Task statement: Two lines in the listing below mark the span: one contains "Fluwelen stoelen Belle, 2" and one contains "Periodi di divieto". Reproduce both of them and everything between, exactly.

Data records:
______

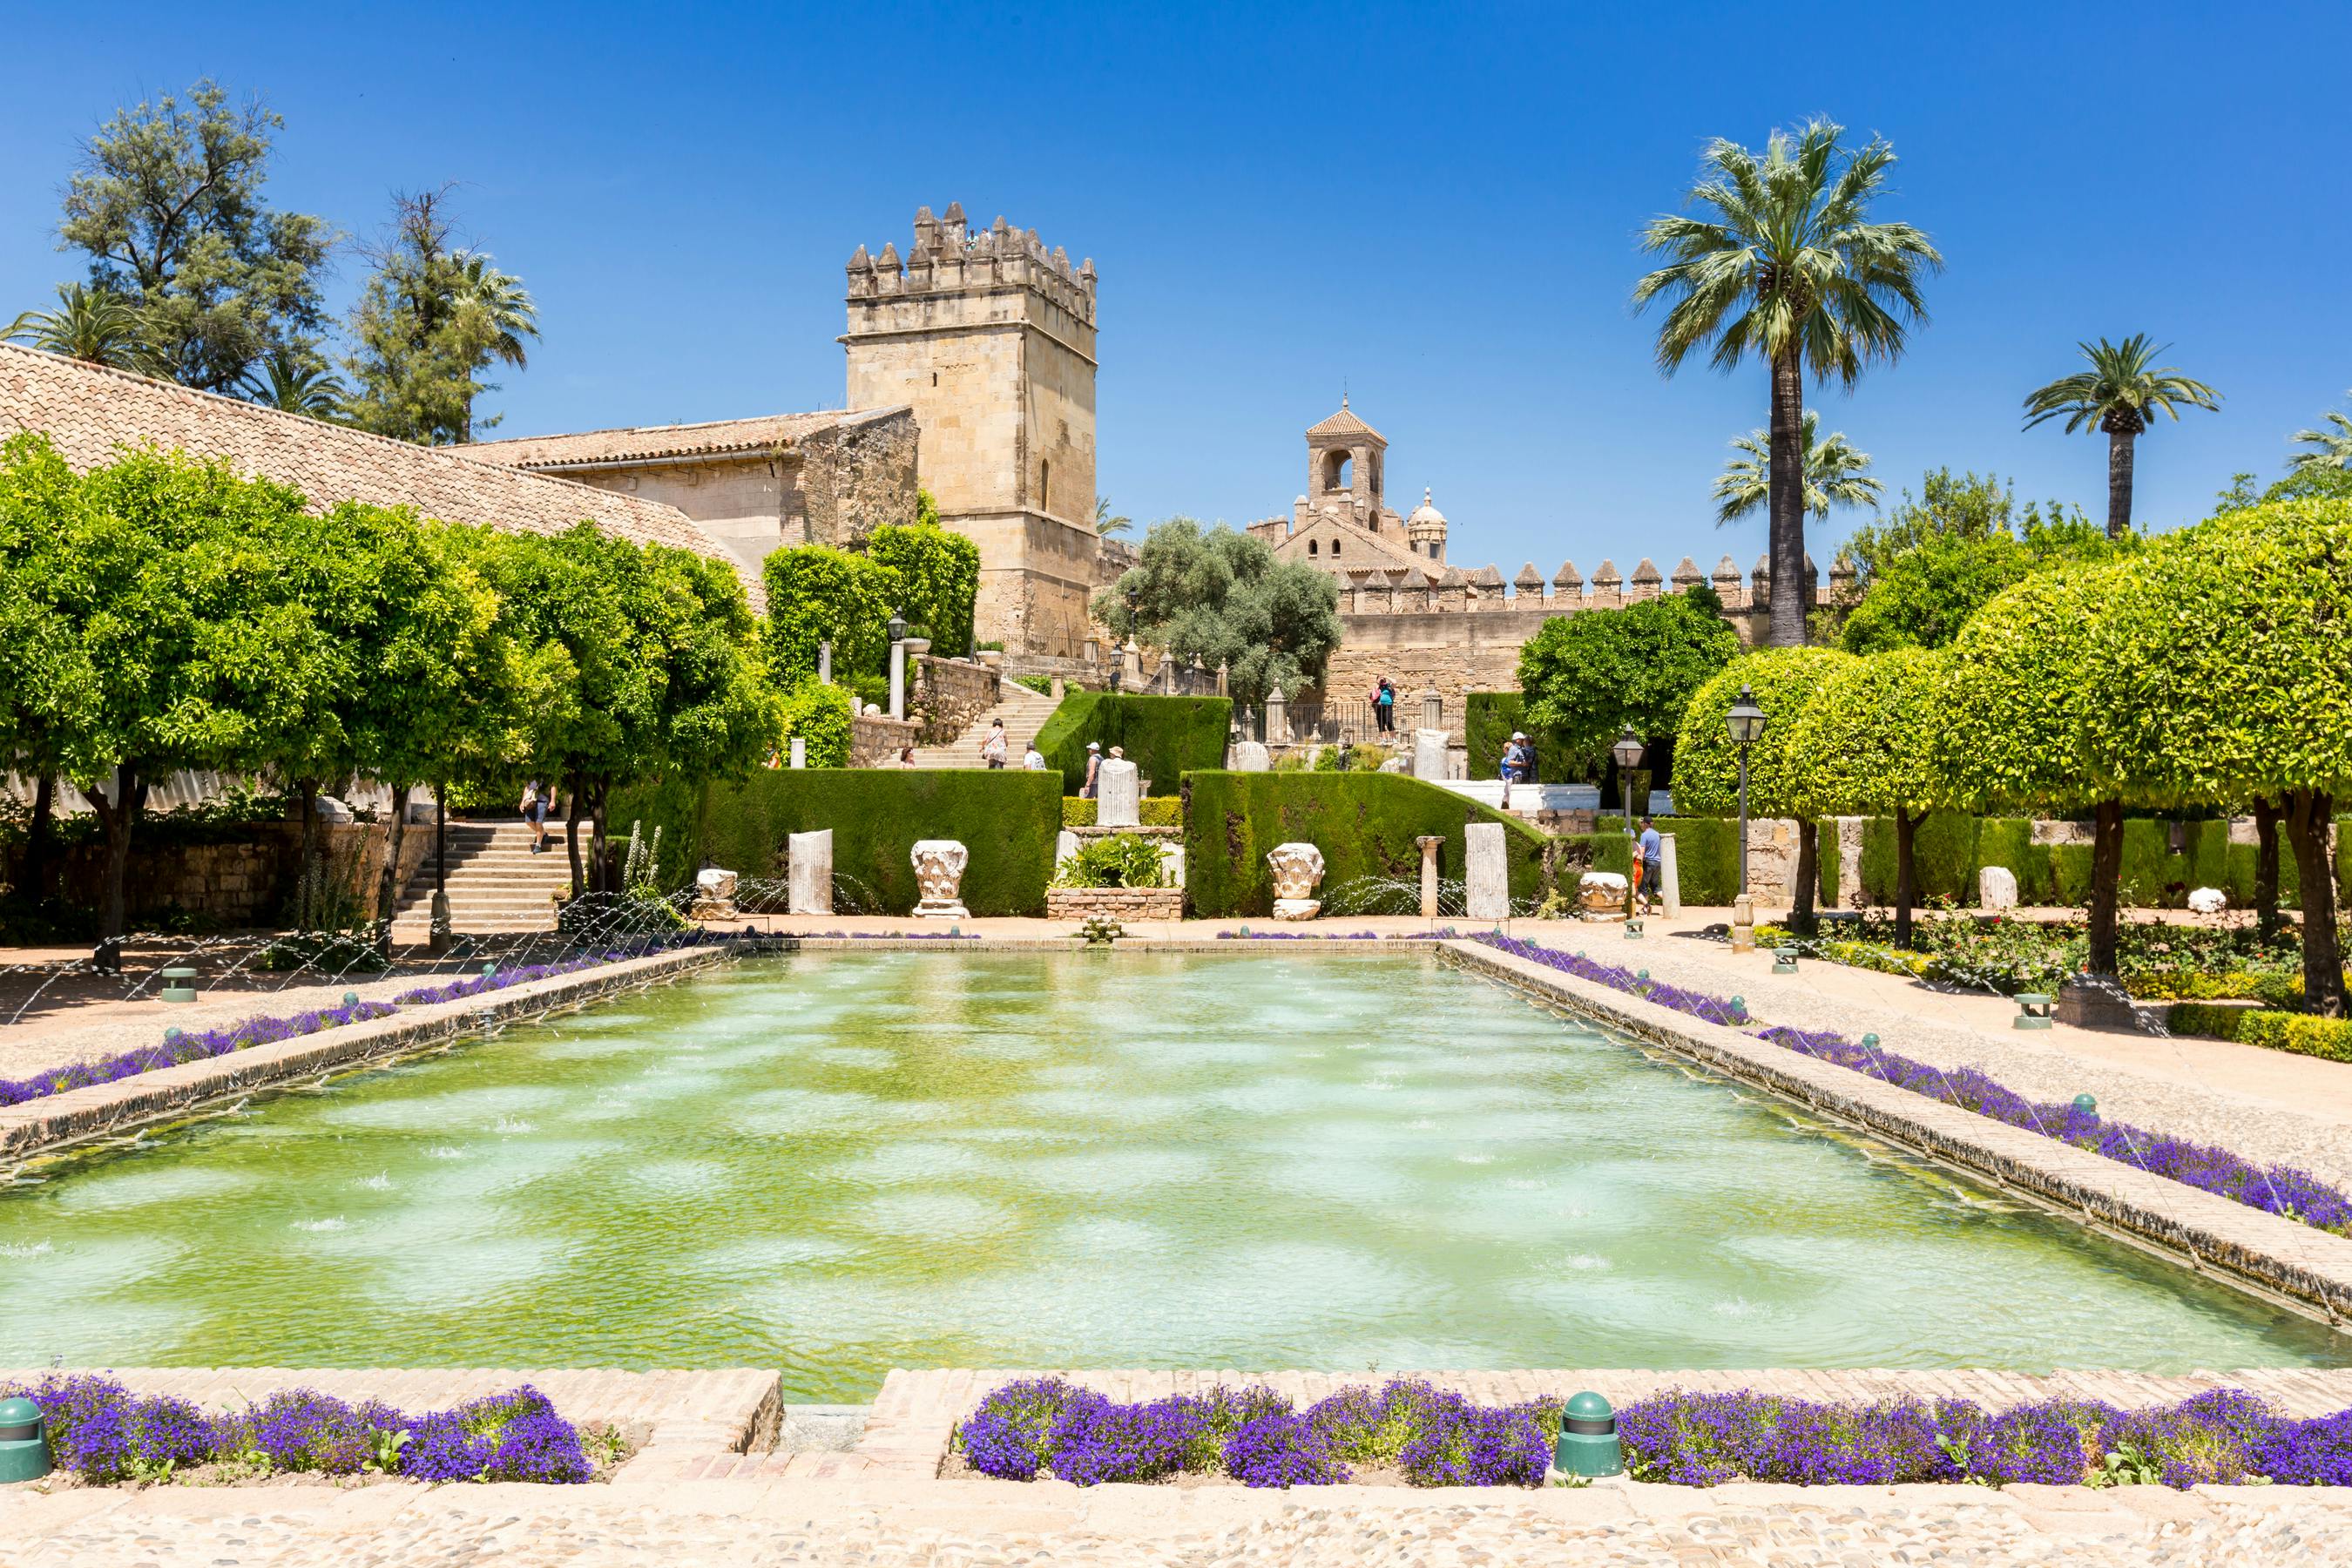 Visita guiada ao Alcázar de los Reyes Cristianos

______

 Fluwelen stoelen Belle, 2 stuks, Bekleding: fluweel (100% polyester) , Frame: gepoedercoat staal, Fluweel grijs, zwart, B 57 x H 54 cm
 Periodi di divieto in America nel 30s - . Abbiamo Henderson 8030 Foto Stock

______

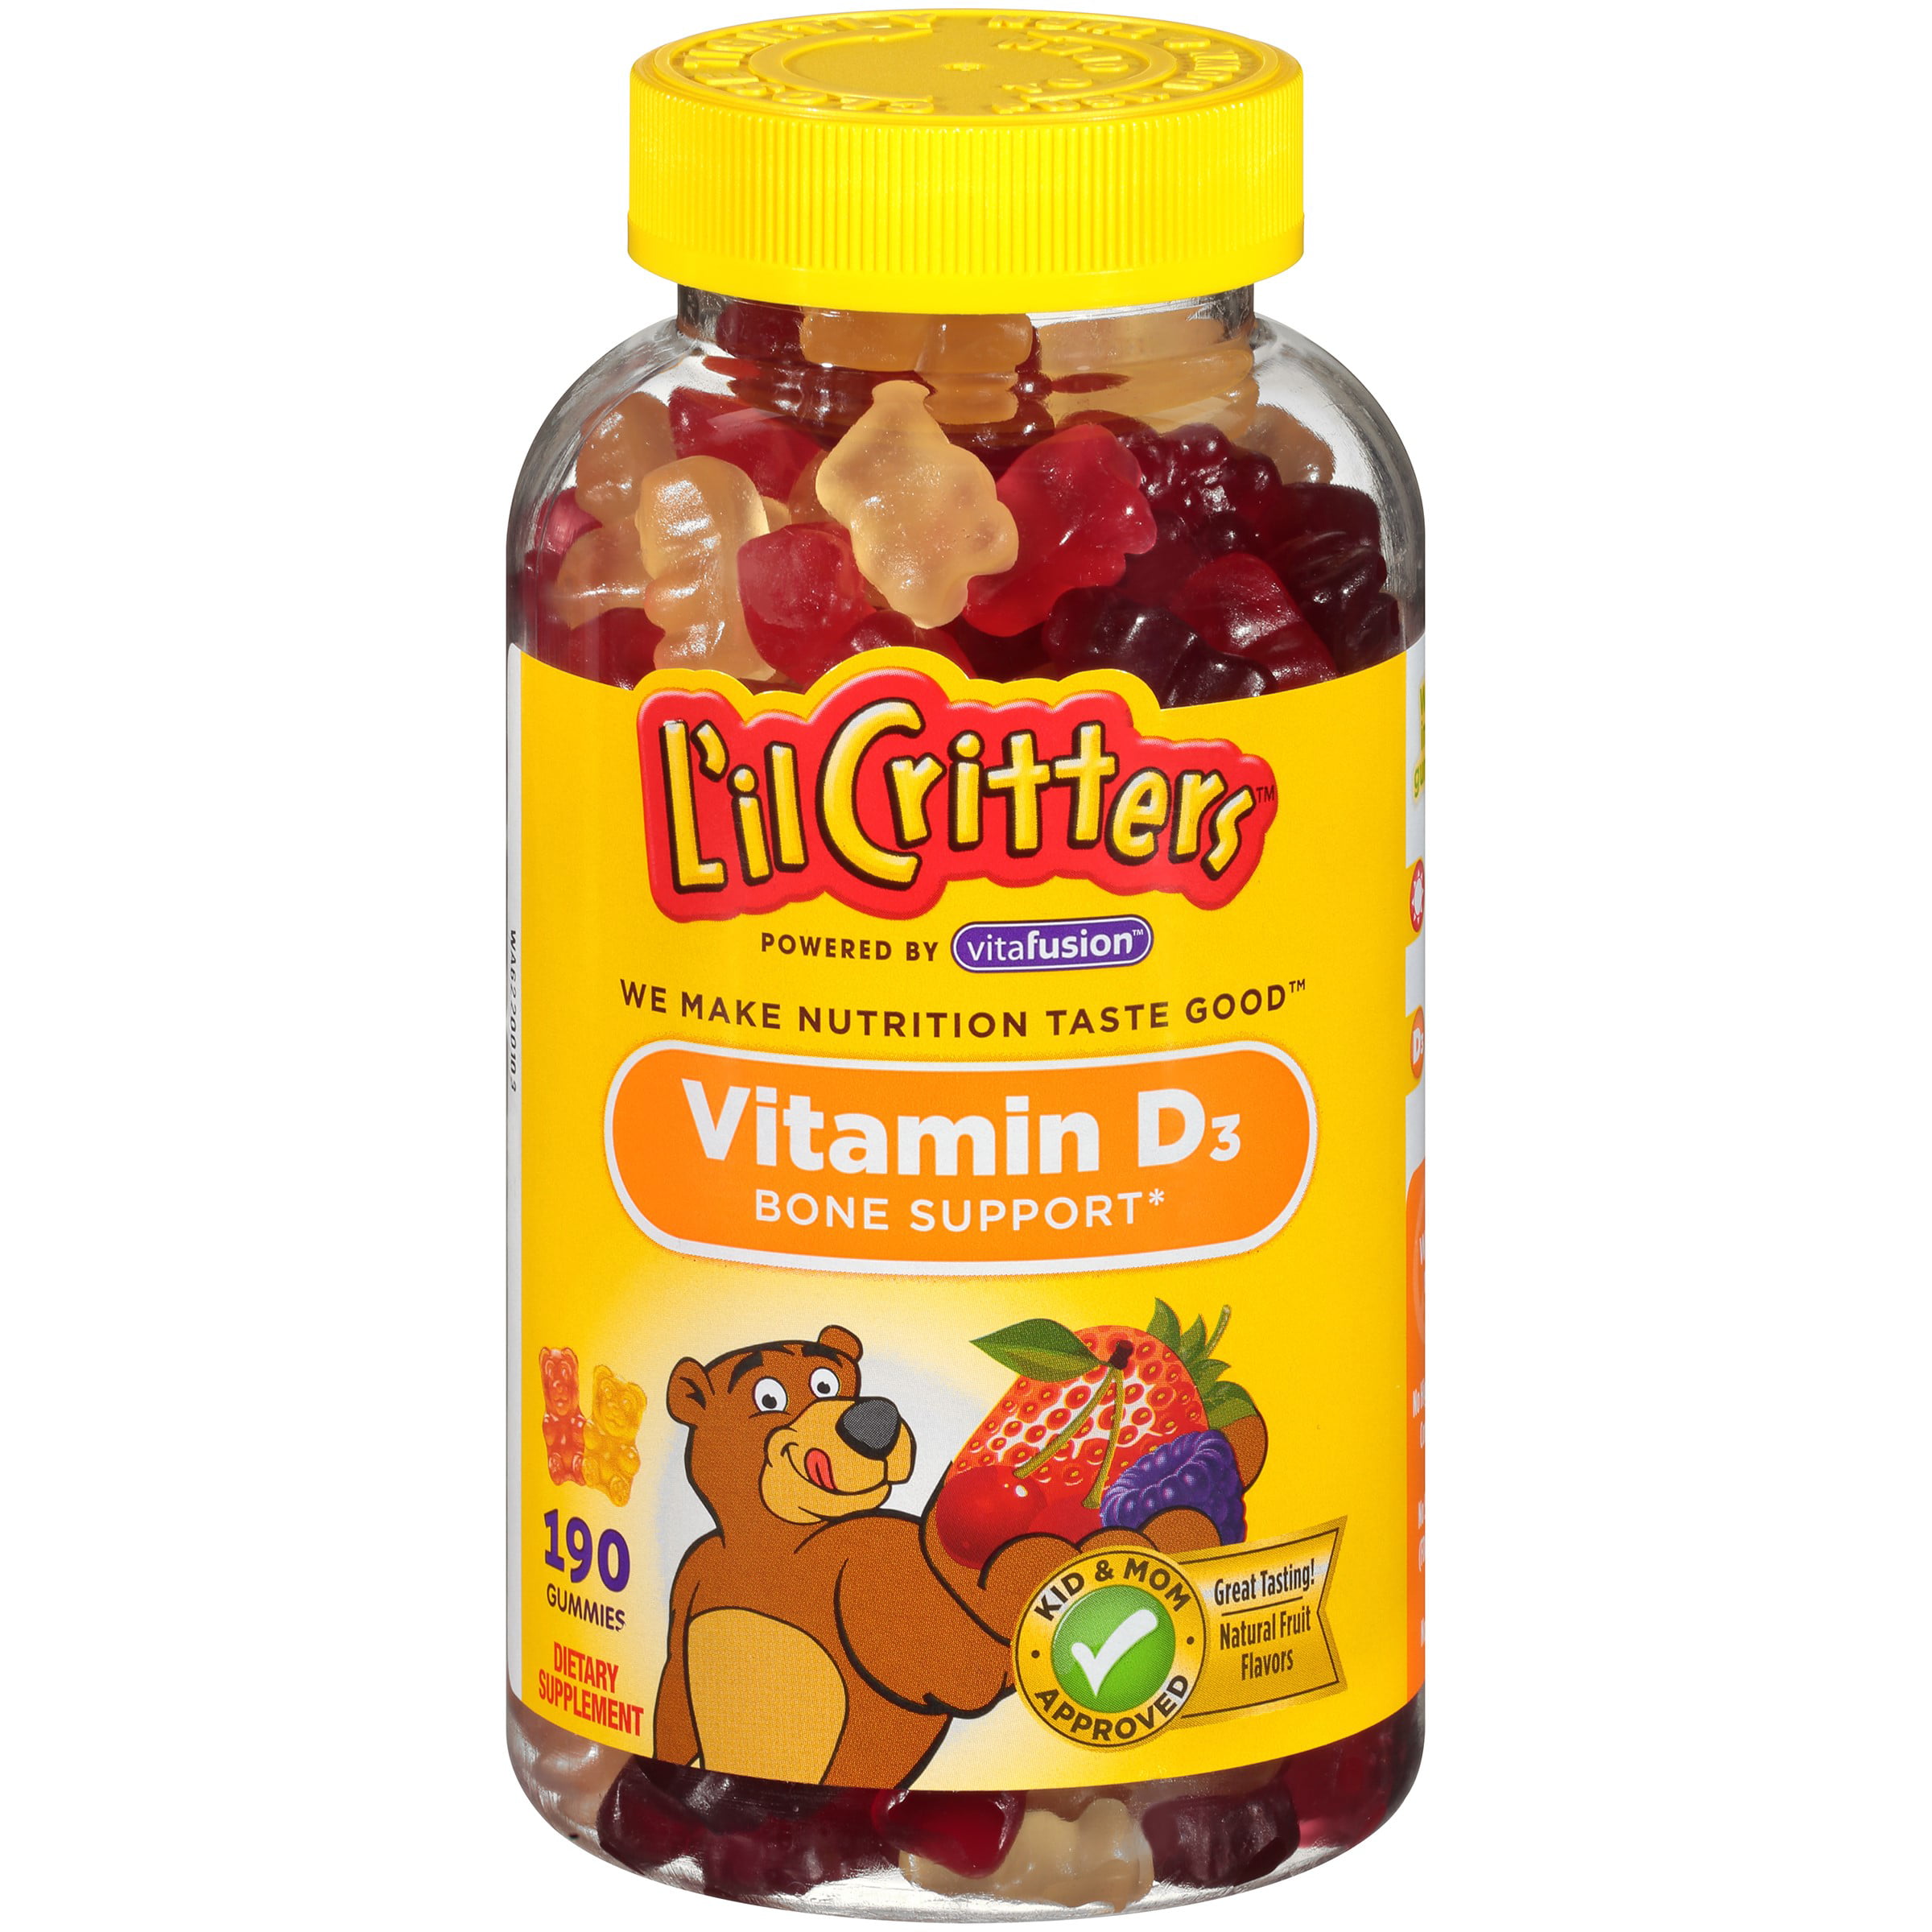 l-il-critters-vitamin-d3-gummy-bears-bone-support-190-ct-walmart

______

Solution to this exercise:
 Fluwelen stoelen Belle, 2 stuks, Bekleding: fluweel (100% polyester) , Frame: gepoedercoat staal, Fluweel grijs, zwart, B 57 x H 54 cm
 Periodi di divieto in America nel 30s - . Abbiamo Henderson 8030 Foto Stock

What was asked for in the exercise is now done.